An old post by Nick Halloway at sci.math:

Someone mentioned to that an analog of FLT is true in $\mathbb{C}[x]$ as well, i.e. there are no relatively prime [non-constant] polynomials $a(x)$, $b(x)$ and $c(x)$ in $\mathbb{C}[x]$ with

$a^n + b^n = c^n$ for $n>2$.

This is true. You can show it by adapting the false proof of FLT.

It’s only necessary to show it for $n$ an odd prime and for $n = 4$. The proof is similar for $n = 4$ to $n$ an odd prime, so I will just show it for odd primes.

Proof by induction on the sum of the degrees of $a(x)$ and $b(x)$.

Suppose the sum of the degrees is $2$. Then $a^p + b^p$ factors as

$(a+b)(a+\rho b)\cdots (a+\rho^{p-1}b)$,

where $\rho$ is a primitive $p$‘th root of unity. These factors are all relatively prime polynomials of degree $1$. But $c^p$ has repeated factors. So it won’t work for this case.

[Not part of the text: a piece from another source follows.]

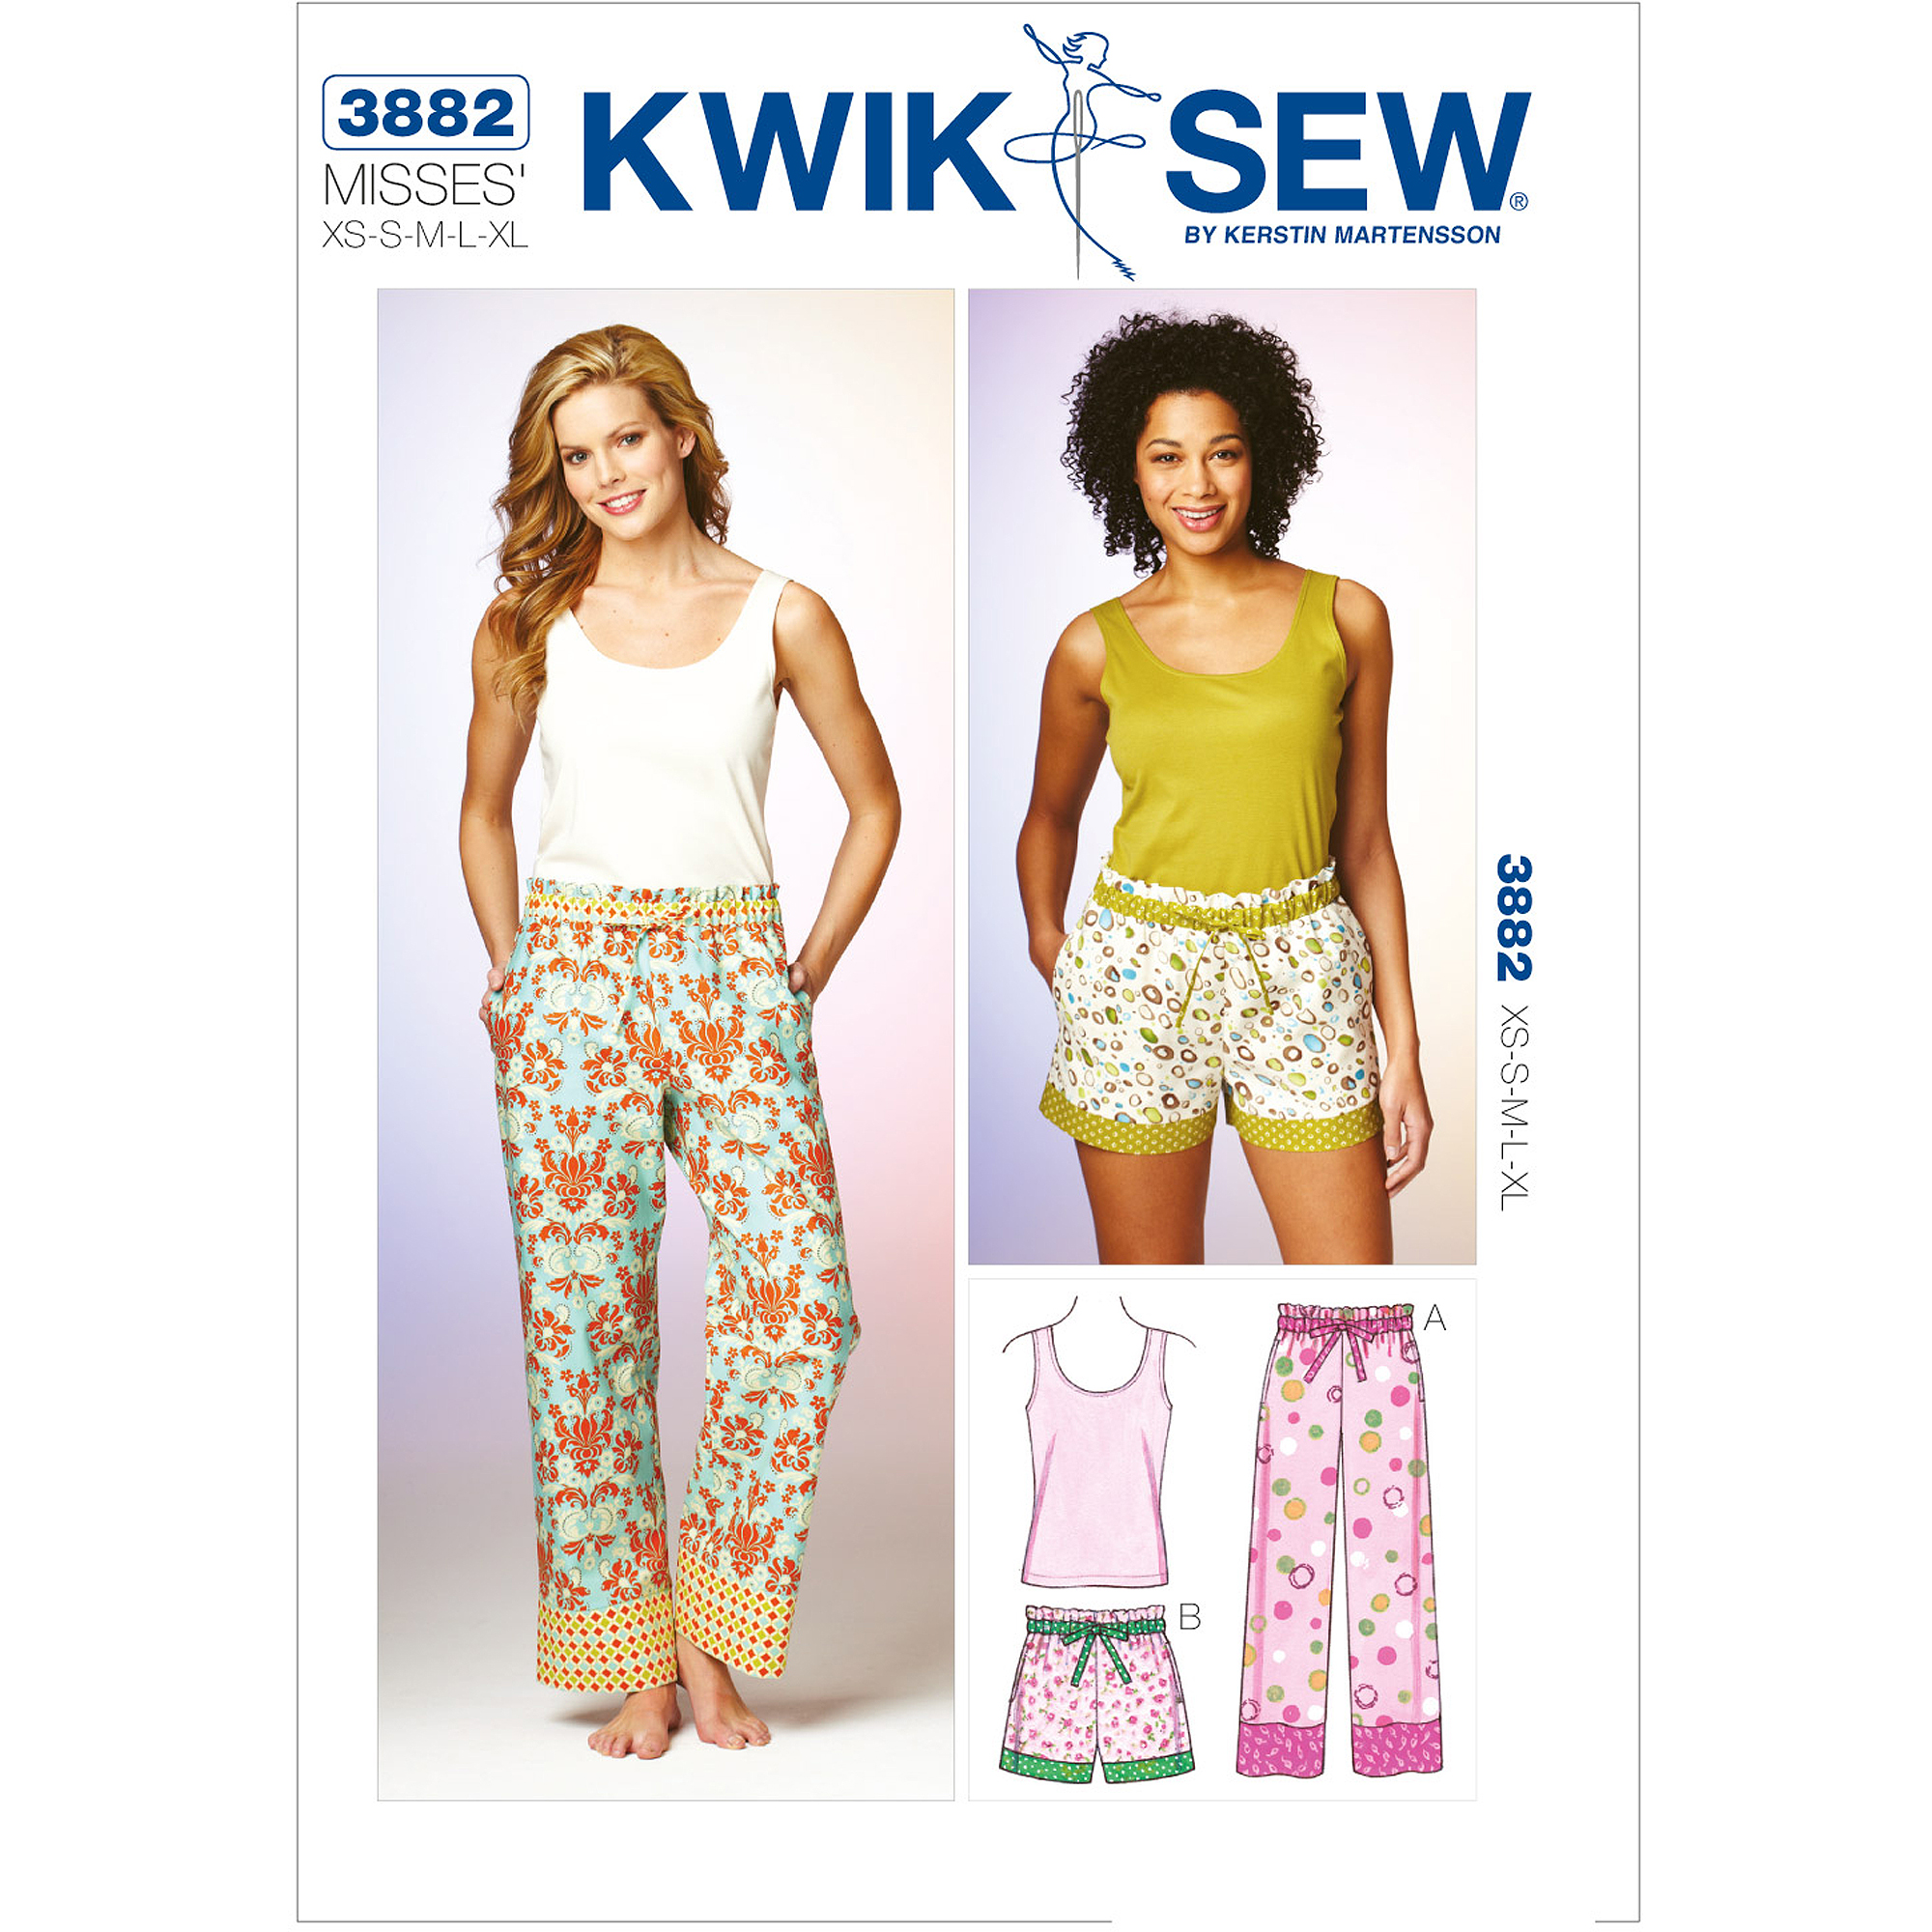 Kwik Sew Pattern Sleep Pants, Shorts and Top, (XS, S, M, L, XL)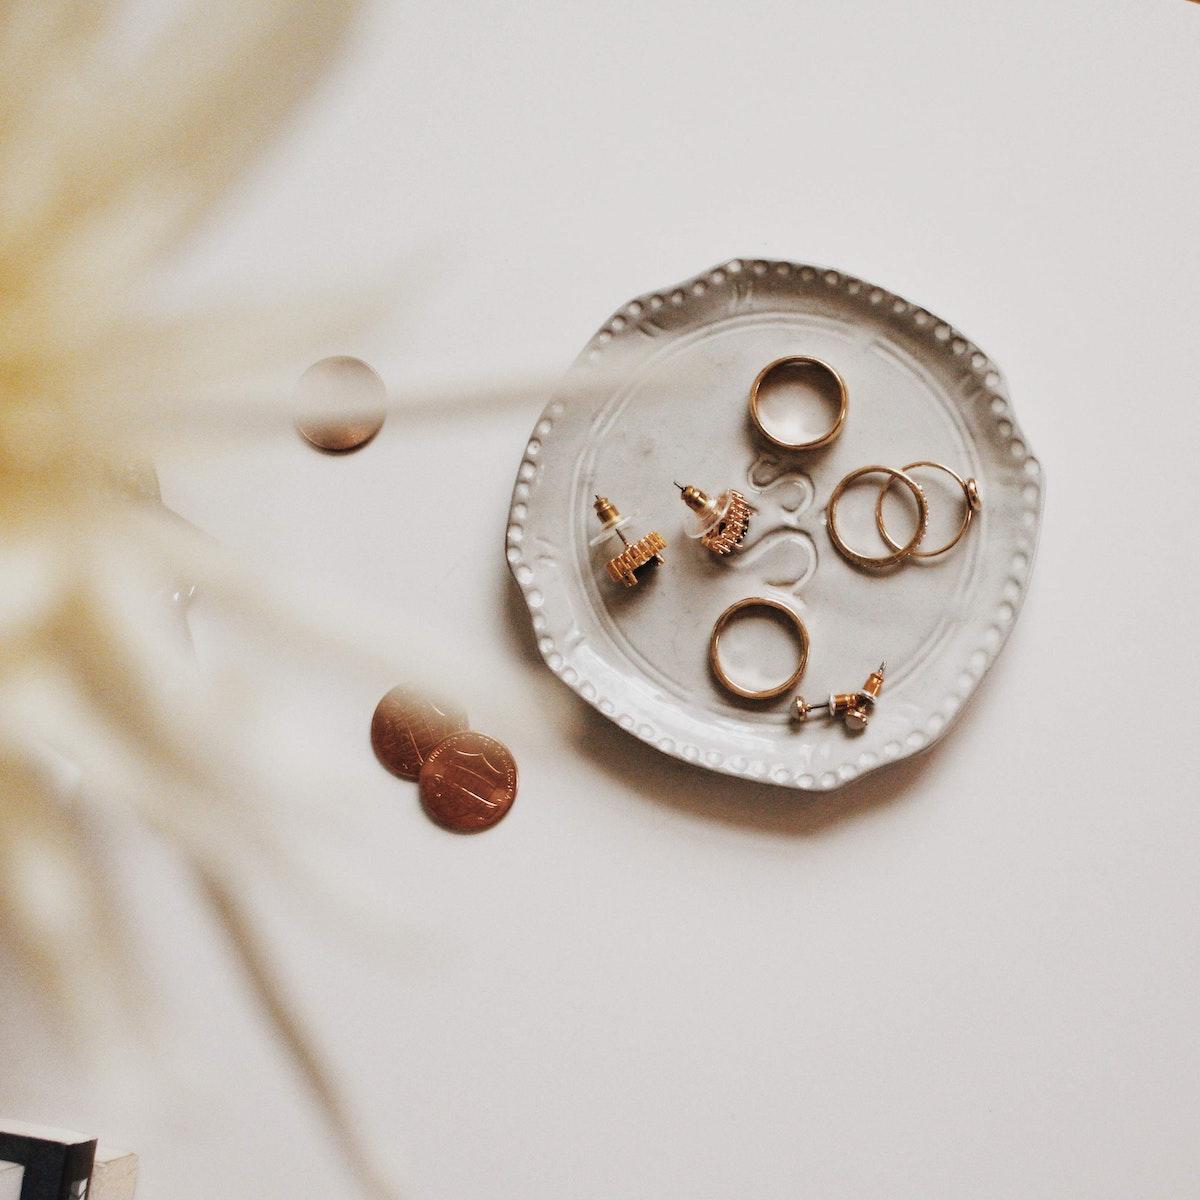 gold jewelry on a dresser

Now assume the sum of the degrees is $m$. Again factor $a^p + b^p$ as

$(a+b)(a+\rho b)\cdots (a+\rho^{p-1}b).$

These factors are relatively prime. But $c^p$ has factors with multiplicity divisible by $p$. So each factor $a+\rho^ib$ must be a $p$‘th power. So we have

$a+b = d^p$,
$a+\rho b= e^p$,
$a+\rho^2 b = f^p$

So $b = (e^p - d^p)/ (\rho -1)$, and

$a = (e^p - \rho d^p) / (1-\rho)$

So $f^p = e^p (\rho+1) - \rho d^p$

Since neither $\rho +1$ nor $-\rho$ are 0, and $d(x)$ and $e(x)$ are relatively prime, this violates the induction hypothesis.

This also shows it for polynomials in $\mathbb{Z}[x]$, since polynomials that are relatively prime in $\mathbb{Z}[x]$ are also relatively prime in $\mathbb{C}[x]$.